We highlighted the evolution from RFC 7807 to RFC 9457, including significant advancements in the articulation of API errors, turning error handling from a developer’s nightmare into a streamlined, informative, and actionable process. This standard not only makes error handling more intuitive for developers, but also enhances security and consistency across digital platforms.
Now, with a solid understanding of the standard’s benefits and framework, let’s transition into practical implementations. This segment will guide you through leveraging Problem Details within your APIs, using real-world examples and resources to ensure your systems deliver ‘bad news’ in the best possible way.
Getting Started with Problem Details
With the introduction of any standard into a team or organization, getting started is often the hardest step. Start by familiarizing yourself with RFC 9457 [1].
Don’t Start from Scratch
To avoid common pitfalls and accelerate the adoption of Problem Details take advantage of the following resources and artifacts which will bootstrap your adoption and set you on a course to deliver consistent error handling with your teams.
Registries
As mentioned in Part I of the series, the new RFC 9457 introduces the concept of a registry of common problem type URIs. The formal registry hosted at IANA [2] as well as the SmartBear Problems Registry [3] act as valuable resources when determining what problem types are relevant for your APIs.
- IANA Registry: The formal registry holds standardized problem type URIs that you can use out-of-the-box or as references when defining your own problem types.
- SmartBear Problems Registry: This registry offers a catalog of common problem types specific to various API scenarios curated by the SmartBear Team. In future, some may migrate to the IANA registry.

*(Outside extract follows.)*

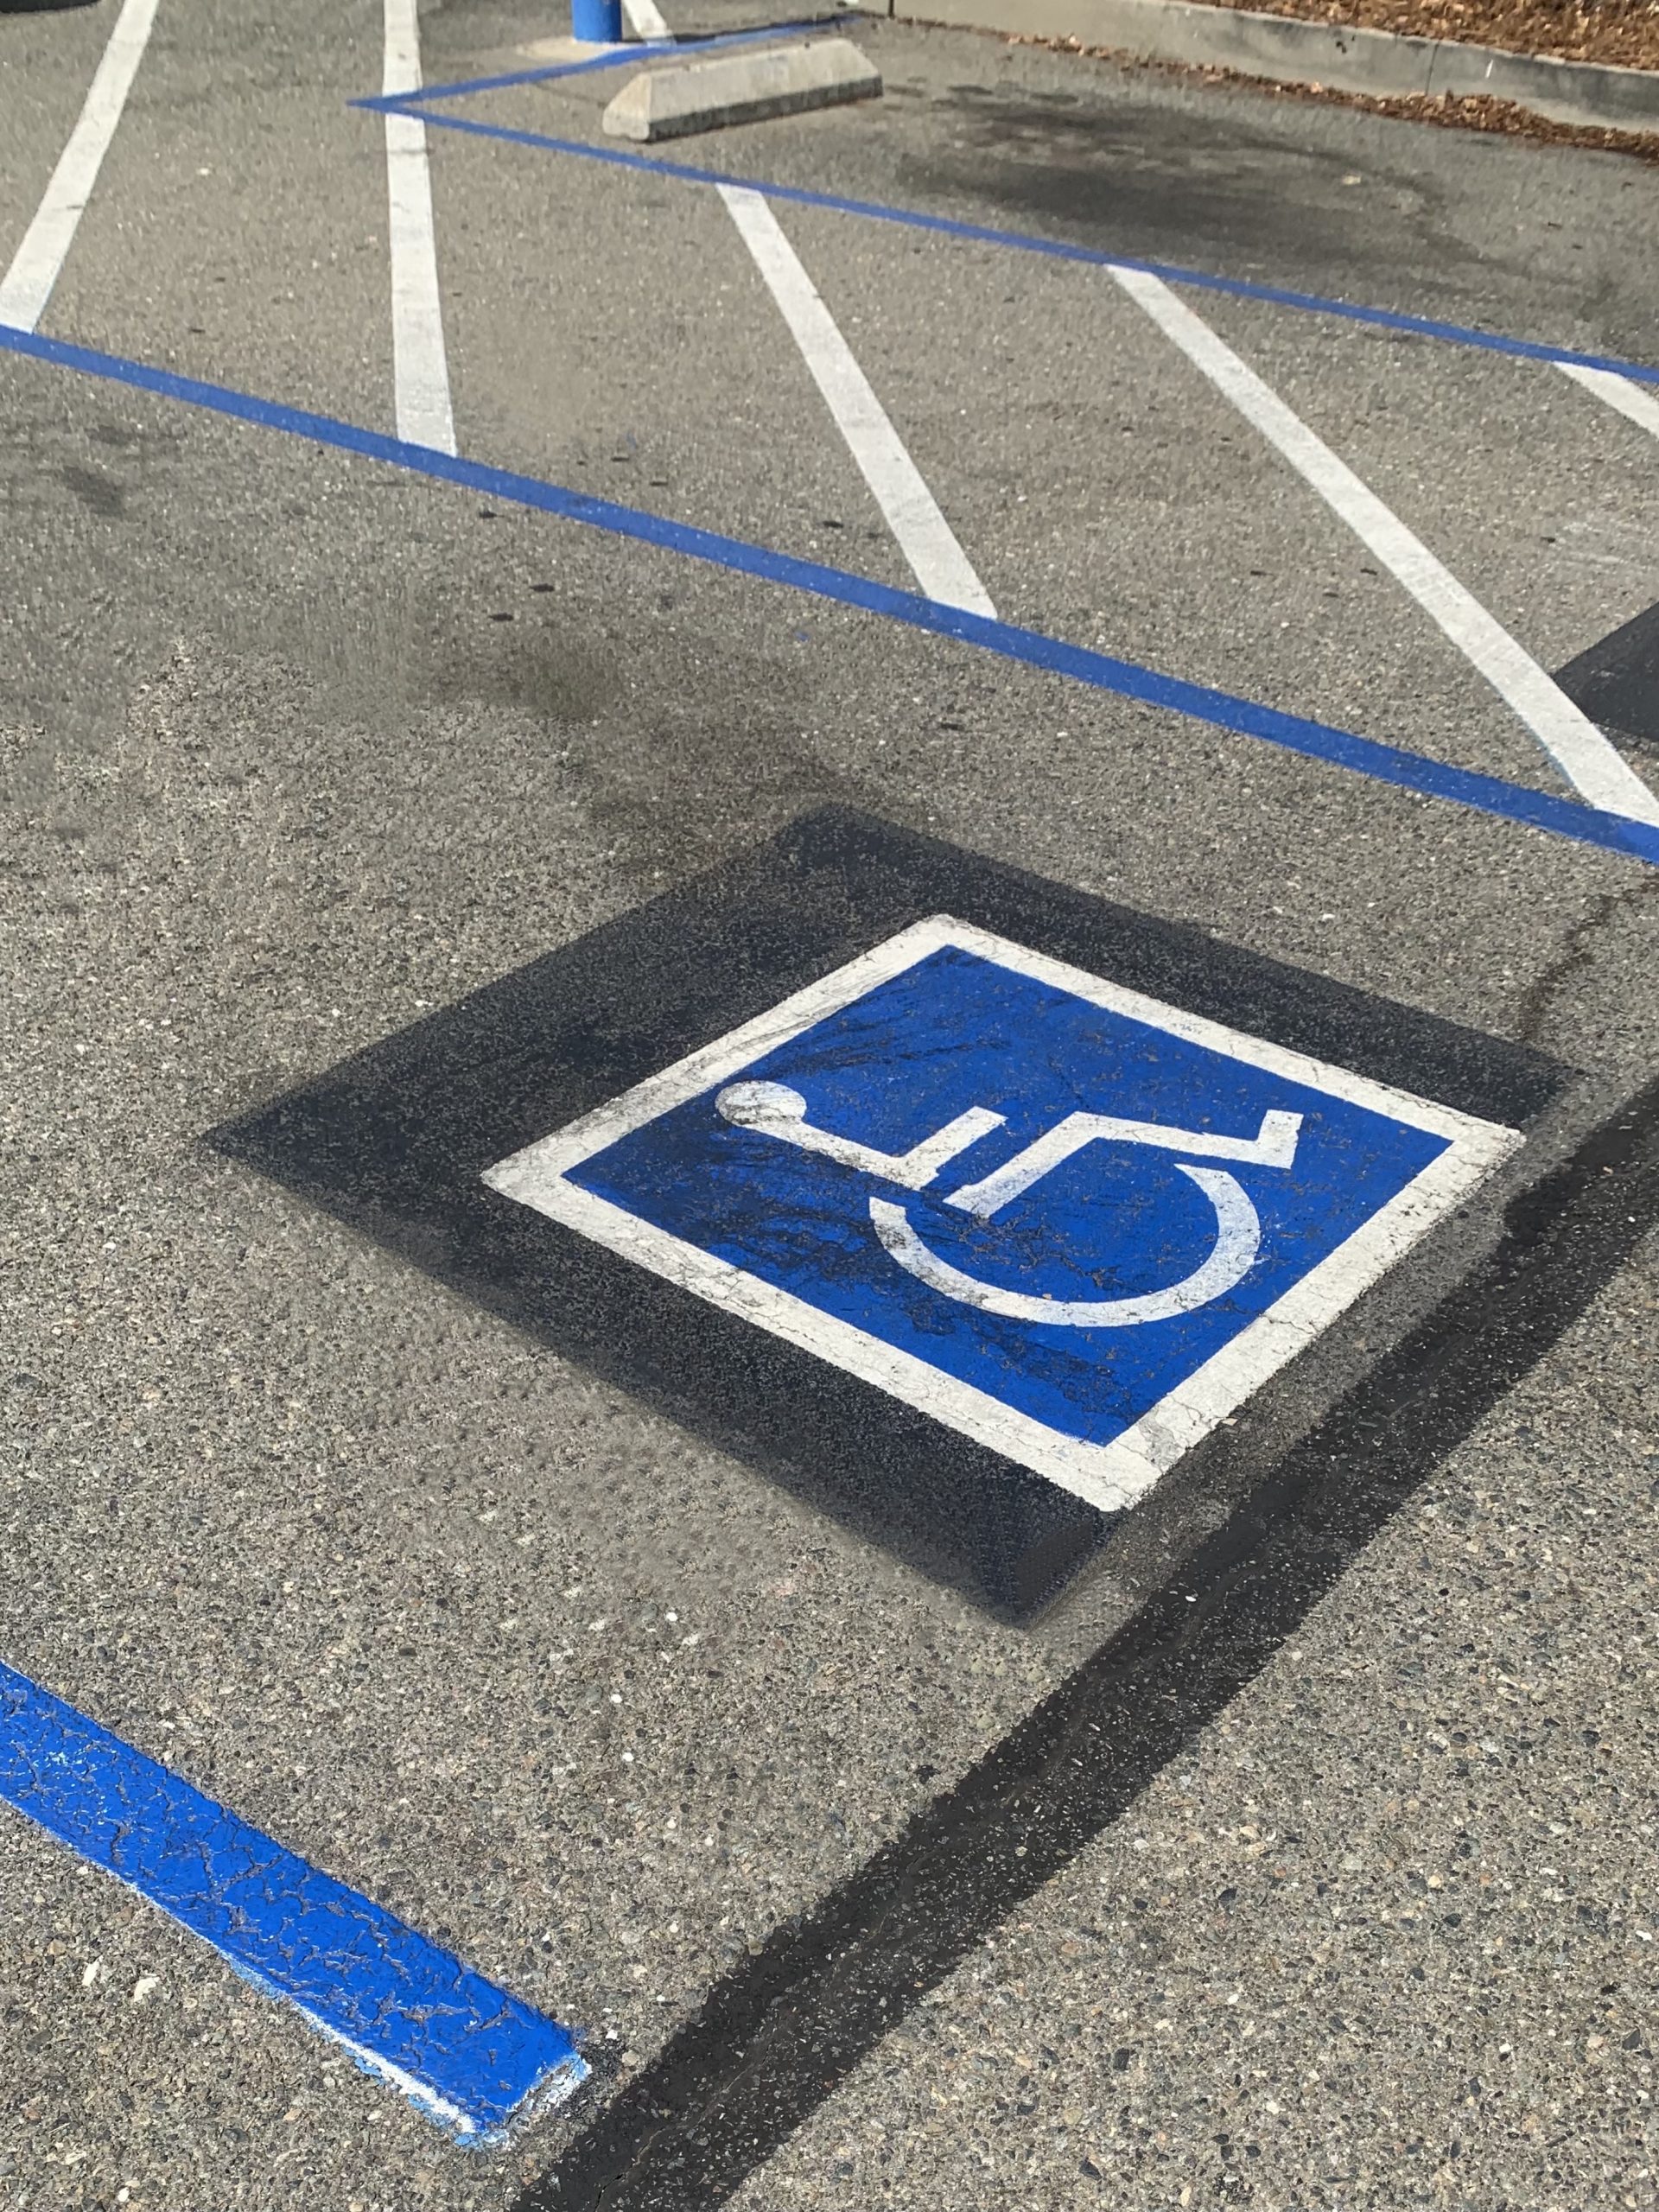 Improve the infrastructure needed to support those with disabilities

Objects, Schemas, and Extensibility
The benefits of standards are we can circumvent much of the bike-shedding associated with the shape of error details. The RFC provides the following non-normative JSON Schema for HTTP Problem Details which guarantees the base shape of errors.
In situations where you need to provide more information than covered by the JSON Schema above, rest assured the built-in extensibility is a powerful mechanism allowing you to mold the standard to meet the needs of your team(s).

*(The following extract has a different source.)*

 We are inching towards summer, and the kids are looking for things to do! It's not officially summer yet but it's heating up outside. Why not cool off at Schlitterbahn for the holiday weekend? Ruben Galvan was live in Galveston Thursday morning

Extensibility brings its own challenges. Therefore, it’s good practice to clearly define your extension points and communicate to clients consuming problem details that they MUST ignore extensions they do not recognize. To make the process predictable for those implementing (and indeed those consuming the responses), I would also recommend crafting a JSON Schema including your extensions.

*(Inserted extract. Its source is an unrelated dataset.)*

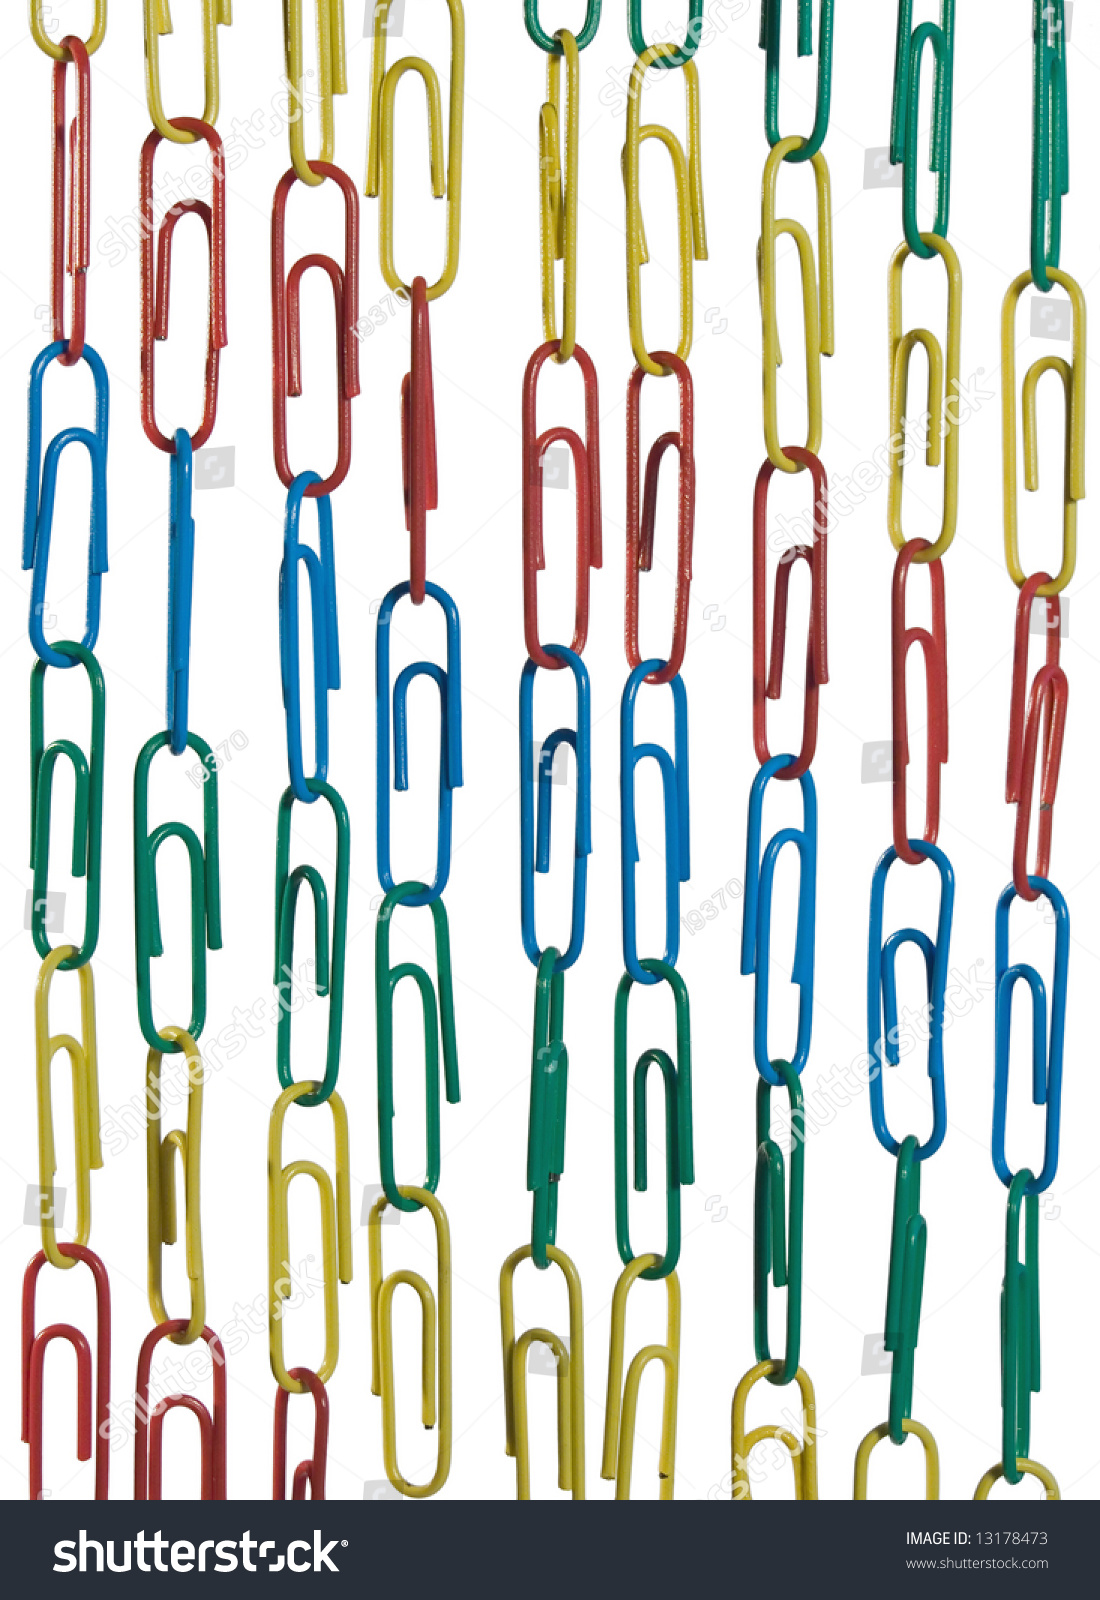 Color Chains Of Paper Clip Isolated On White Stock Photo 13178473

Here’s a JSON Schema [5] including the errors and code extensions we use for problem details within new APIs at SmartBear:
{
"$schema": "https://json-schema.org/draft/2019-09/schema",
"type": "object",
"properties": {
"type": {
"type": "string",
"description": "A URI reference that identifies the problem type.",
"format": "uri",
"maxLength": 1024
},
"status": {
"type": "integer",
"description": "The HTTP status code generated by the origin server for this occurrence of the problem.",
"format": "int32",
"minimum": 100,
"maximum": 599
},
"title": {
"type": "string",
"description": "A short, human-readable summary of the problem type. It should not change from occurrence to occurrence of the problem, except for purposes of localization.",
"maxLength": 1024
},
"detail": {
"type": "string",
"description": "A human-readable explanation specific to this occurrence of the problem.",
"maxLength": 4096
},
"instance": {
"type": "string",
"description": "A URI reference that identifies the specific occurrence of the problem. It may or may not yield further information if dereferenced.",
"maxLength": 1024
},
"code": {
"type": "string",
"description": "An API specific error code aiding the provider team understand the error based on their own potential taxonomy or registry.",
"maxLength": 50
},
"errors": {
"type": "array",
"description": "An array of error details to accompany a problem details response.",
"maxItems": 1000,
"items": {
"type": "object",
"description": "An object to provide explicit details on a problem towards an API consumer.",
"properties": {
"detail": {
"type": "string",
"description": "A granular description on the specific error related to a body property, query parameter, path parameters, and/or header.",
"maxLength": 4096
},
"pointer": {
"type": "string",
"description": "A JSON Pointer to a specific request body property that is the source of error.",
"maxLength": 1024
},
"parameter": {
"type": "string",
"description": "The name of the query or path parameter that is the source of error.",
"maxLength": 1024
},
"header": {
"type": "string",
"description": "The name of the header that is the source of error.",
"maxLength": 1024
},
"code": {
"type": "string",
"description": "A string containing additional provider specific codes to identify the error context.",
"maxLength": 50
}
},
"required": [
"detail"
]
}
}
},
"required": [
"detail"
]
}
This gives a powerful and detailed ability to describe the occurrence of an error related to parameters or a request body.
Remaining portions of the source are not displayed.